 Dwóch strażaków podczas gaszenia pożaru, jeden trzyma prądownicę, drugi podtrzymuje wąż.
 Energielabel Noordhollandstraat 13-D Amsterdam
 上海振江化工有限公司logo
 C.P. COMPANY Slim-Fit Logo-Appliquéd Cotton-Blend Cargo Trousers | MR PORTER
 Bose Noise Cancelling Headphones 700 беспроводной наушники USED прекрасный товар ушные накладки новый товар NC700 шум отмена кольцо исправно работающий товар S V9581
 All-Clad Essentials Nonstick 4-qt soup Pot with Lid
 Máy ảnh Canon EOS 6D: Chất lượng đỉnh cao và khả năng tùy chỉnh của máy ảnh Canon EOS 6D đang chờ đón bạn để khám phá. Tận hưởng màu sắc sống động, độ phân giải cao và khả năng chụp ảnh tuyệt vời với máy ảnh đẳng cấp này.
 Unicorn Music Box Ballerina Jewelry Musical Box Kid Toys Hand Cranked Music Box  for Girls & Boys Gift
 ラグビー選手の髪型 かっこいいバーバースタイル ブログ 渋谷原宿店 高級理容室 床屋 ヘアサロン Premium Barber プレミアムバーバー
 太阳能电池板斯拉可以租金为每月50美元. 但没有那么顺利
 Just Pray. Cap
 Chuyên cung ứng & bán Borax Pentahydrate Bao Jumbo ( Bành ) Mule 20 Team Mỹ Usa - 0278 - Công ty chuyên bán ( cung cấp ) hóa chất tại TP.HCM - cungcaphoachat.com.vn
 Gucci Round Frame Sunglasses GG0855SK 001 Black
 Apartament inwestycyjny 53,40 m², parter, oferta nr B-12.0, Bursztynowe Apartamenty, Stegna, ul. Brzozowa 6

- **ASSIGNMENT**: Set down the data in full, word for word.

- **WRITTEN RESPONSE**:
 Dwóch strażaków podczas gaszenia pożaru, jeden trzyma prądownicę, drugi podtrzymuje wąż.
 Energielabel Noordhollandstraat 13-D Amsterdam
 上海振江化工有限公司logo
 C.P. COMPANY Slim-Fit Logo-Appliquéd Cotton-Blend Cargo Trousers | MR PORTER
 Bose Noise Cancelling Headphones 700 беспроводной наушники USED прекрасный товар ушные накладки новый товар NC700 шум отмена кольцо исправно работающий товар S V9581
 All-Clad Essentials Nonstick 4-qt soup Pot with Lid
 Máy ảnh Canon EOS 6D: Chất lượng đỉnh cao và khả năng tùy chỉnh của máy ảnh Canon EOS 6D đang chờ đón bạn để khám phá. Tận hưởng màu sắc sống động, độ phân giải cao và khả năng chụp ảnh tuyệt vời với máy ảnh đẳng cấp này.
 Unicorn Music Box Ballerina Jewelry Musical Box Kid Toys Hand Cranked Music Box  for Girls & Boys Gift
 ラグビー選手の髪型 かっこいいバーバースタイル ブログ 渋谷原宿店 高級理容室 床屋 ヘアサロン Premium Barber プレミアムバーバー
 太阳能电池板斯拉可以租金为每月50美元. 但没有那么顺利
 Just Pray. Cap
 Chuyên cung ứng & bán Borax Pentahydrate Bao Jumbo ( Bành ) Mule 20 Team Mỹ Usa - 0278 - Công ty chuyên bán ( cung cấp ) hóa chất tại TP.HCM - cungcaphoachat.com.vn
 Gucci Round Frame Sunglasses GG0855SK 001 Black
 Apartament inwestycyjny 53,40 m², parter, oferta nr B-12.0, Bursztynowe Apartamenty, Stegna, ul. Brzozowa 6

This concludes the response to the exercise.